There were a few buildings he didn’t recognize—a wonder that anyone would have the audacity to build in Ironwood at all: a coffee shop that boasted free Wi-Fi, a questionable-looking Chinese buffet, a mechanic’s shop that rotated tires for free with every oil change. Despite the businesses that had changed hands and changed names, the center of Ironwood looked just as it had in the early nineties.

The roundabout that caused more than its fair share of accidents was still there, a fifteen-foot-tall lumberjack carved out of pine posing for everyone and no one all at once. The giant held an ax over one shoulder, one boot propped up on a wood-carved steel beam that rested under his enormous boot. That lumberjack was the symbol of what Ironwood had once been—steel and lumber, both industries having left the area decades before. But the lumberjack kept smiling. Even when the local kids doused him in gasoline and set him on fire during Aaron’s fifth-grade year, the lumberjack continued to grin as flames licked up his sides. He was still tarnished and soot-black from feet to chest, and the platform he stood on continued to be surrounded by flowers. Edie had volunteered as the roundabout caretaker for a couple of springs, planting daisies and petunias along the lumberjack’s base. Whether people still volunteered for such a thing was a mystery, but someone had taken the time to plant pansies in Ironwood Warrior red and white around the giant’s blackened feet, as though doing so would invite good luck into a town that desperately needed it.

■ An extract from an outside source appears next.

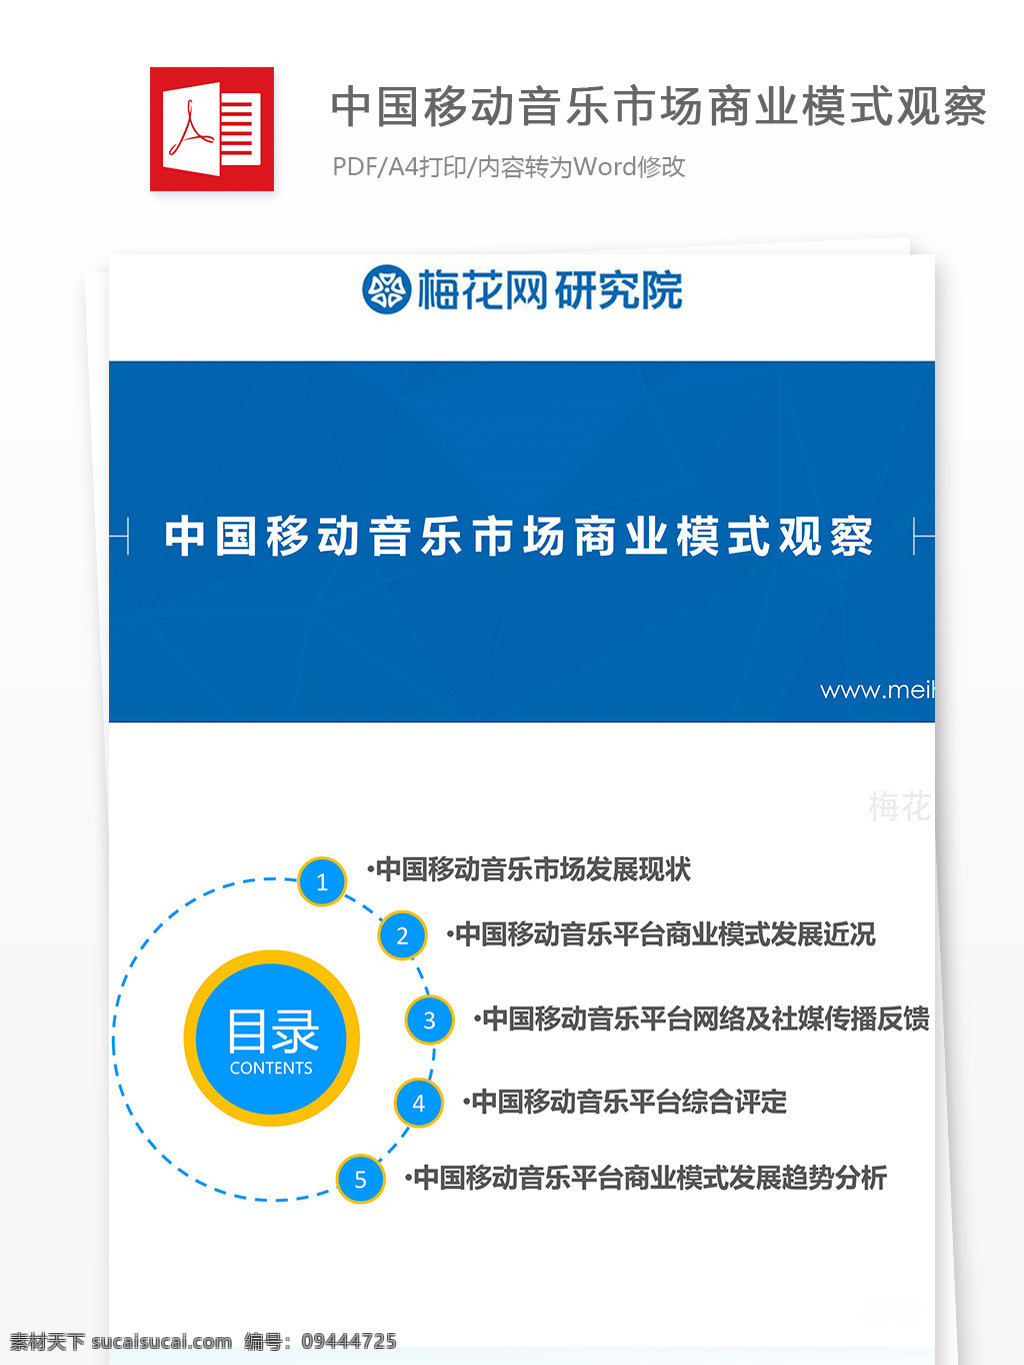 中国移动 音乐 市场 商业 模式 观察 音乐软件 商业模式观察 移动音乐 市场分析 数据分析 行业分析报告

Aaron looped around until he reached the hardware store, called water and power to get the house back on the grid while he waited for the store to open, then weaved through the lanes in search of cleaning supplies that could put some sort of dent in the ruin that awaited him back home. He asked the cashier for the number of a local window replacement place, and then ventured to Banner Goods for provisions.

Along with the Blue Ox, Banner’s seemed to be the only place in town that was reminiscent of what it had been twenty years before. Bright sales signs for fresh fruit and bread decorated the windows, while a selection of potted plants and flowers flanked the sliding front doors. Eric’s grandpa had opened the place back in the fifties or sixties during Ironwood’s heyday, and after Grandpa Banner had had his run, Eric’s dad took over the store. Eric and Aaron had spent countless summer afternoons sitting up in Eric’s dad’s office, the title of “Store Manager” stamped on the door. They’d play Operation and Connect Four while Mr. Banner placed phone orders for produce and paper products. Eric had been proud of his dad owning Ironwood’s most successful business, gloating about how he’d run the place all on his own one day.

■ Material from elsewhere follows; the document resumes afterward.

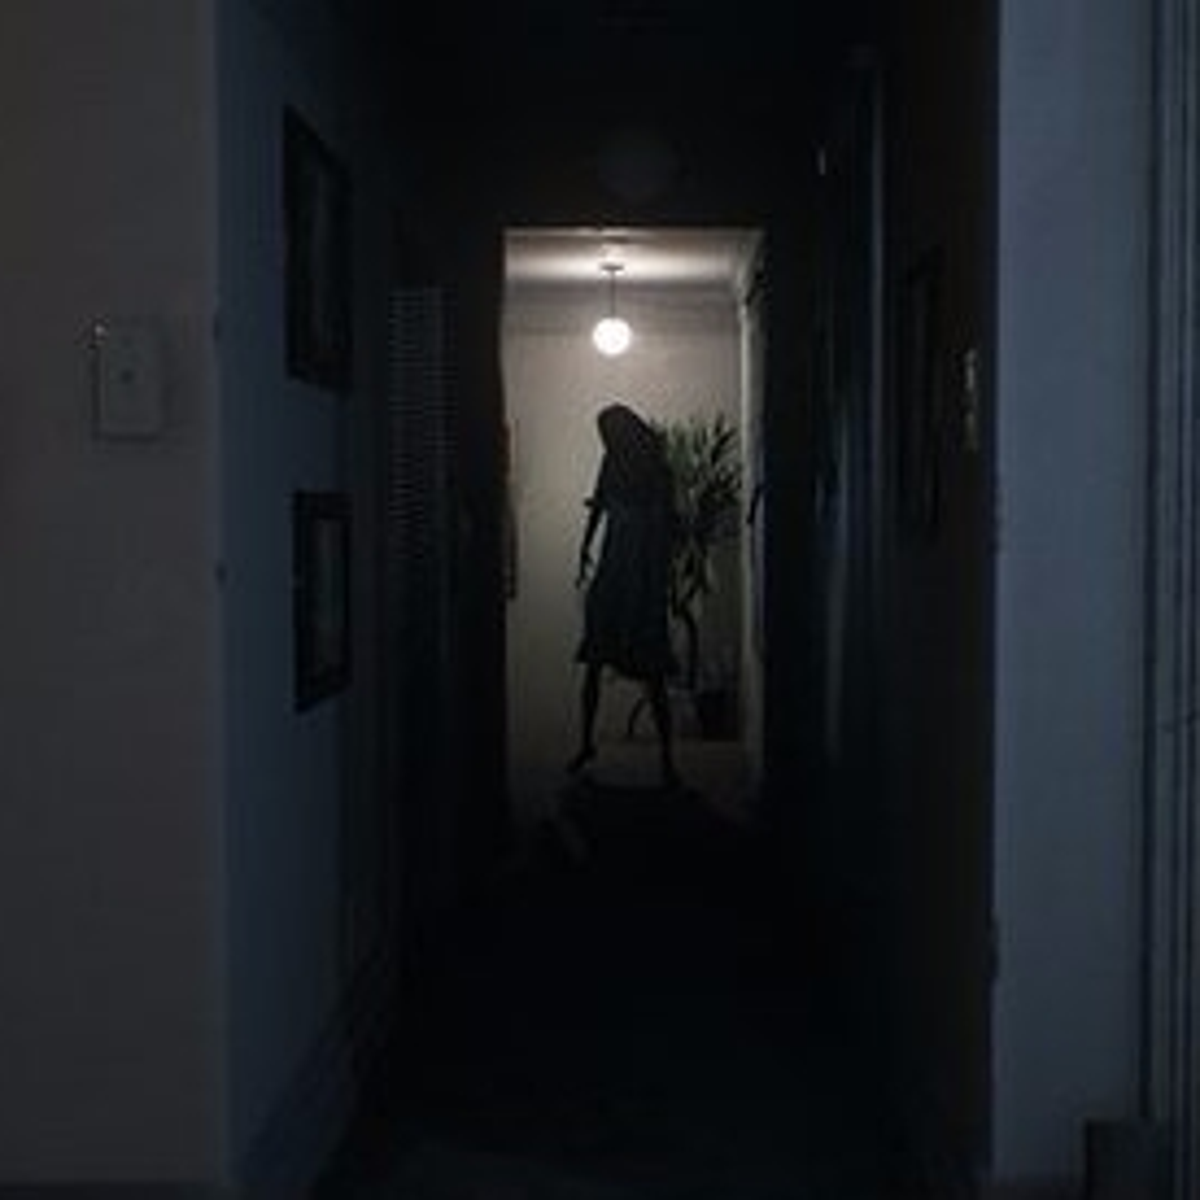 Visage, mais um jogo de terror que quer ser Silent Hill

Aaron squinted at the store’s bright white façade as he crossed the parking lot on foot, wondering if Eric had changed his tune as he grew older, wondering whether it was possible for anyone in their right mind to
want
to stay in a place like this. Aaron hadn’t had the choice of whether to stay or go, but seeing Ironwood for what it was now, he couldn’t help but feel that his sudden departure had been a blessing in disguise.